WHAT THE EXERCISE ASKS:
Return only the lines starting at the line that contains "Schönes zeitloses Design." and ending with the final line of the listing; include both endpoints.

○ ○ ○ ○

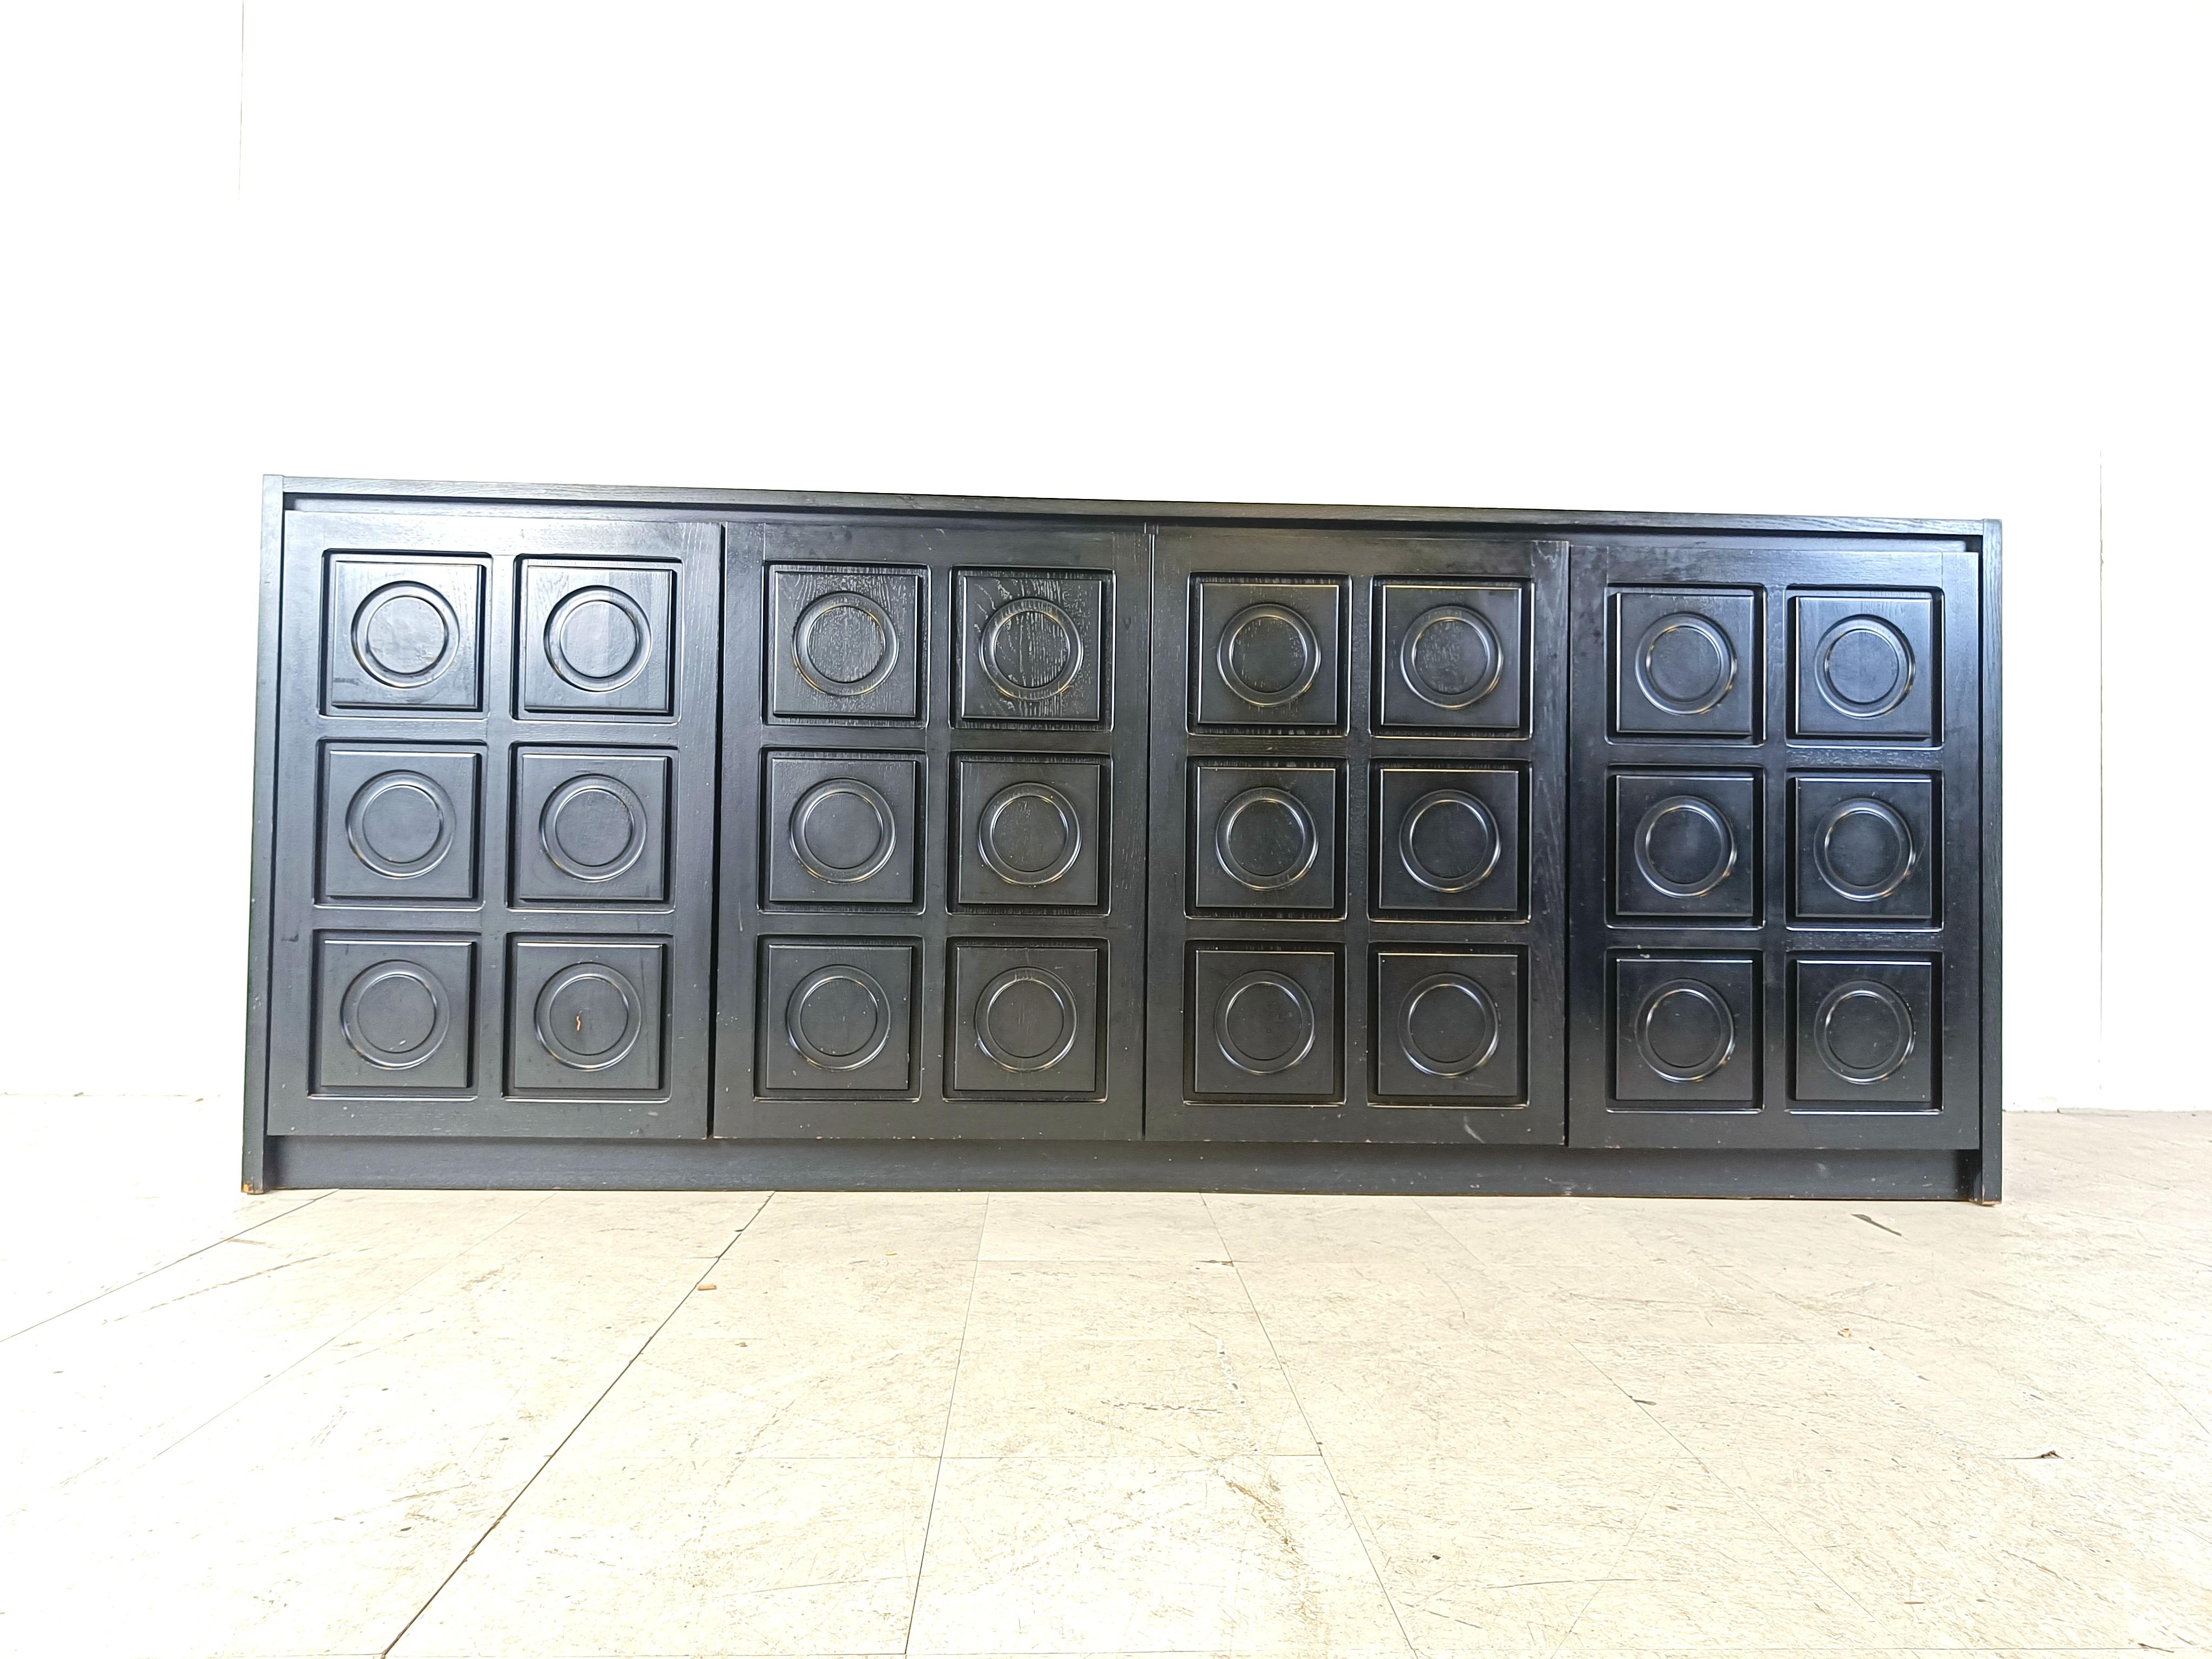 Ebonisierte schwarze brutalistische Kredenz mit 4 grafischen Türen.

Schönes zeitloses Design.

Sehr guter Zustand.

1970er Jahre - Belgien

Abmessungen:

Länge: 250cm/98.42

○ ○ ○ ○

RESULT OF THE EXERCISE:
Schönes zeitloses Design.

Sehr guter Zustand.

1970er Jahre - Belgien

Abmessungen:

Länge: 250cm/98.42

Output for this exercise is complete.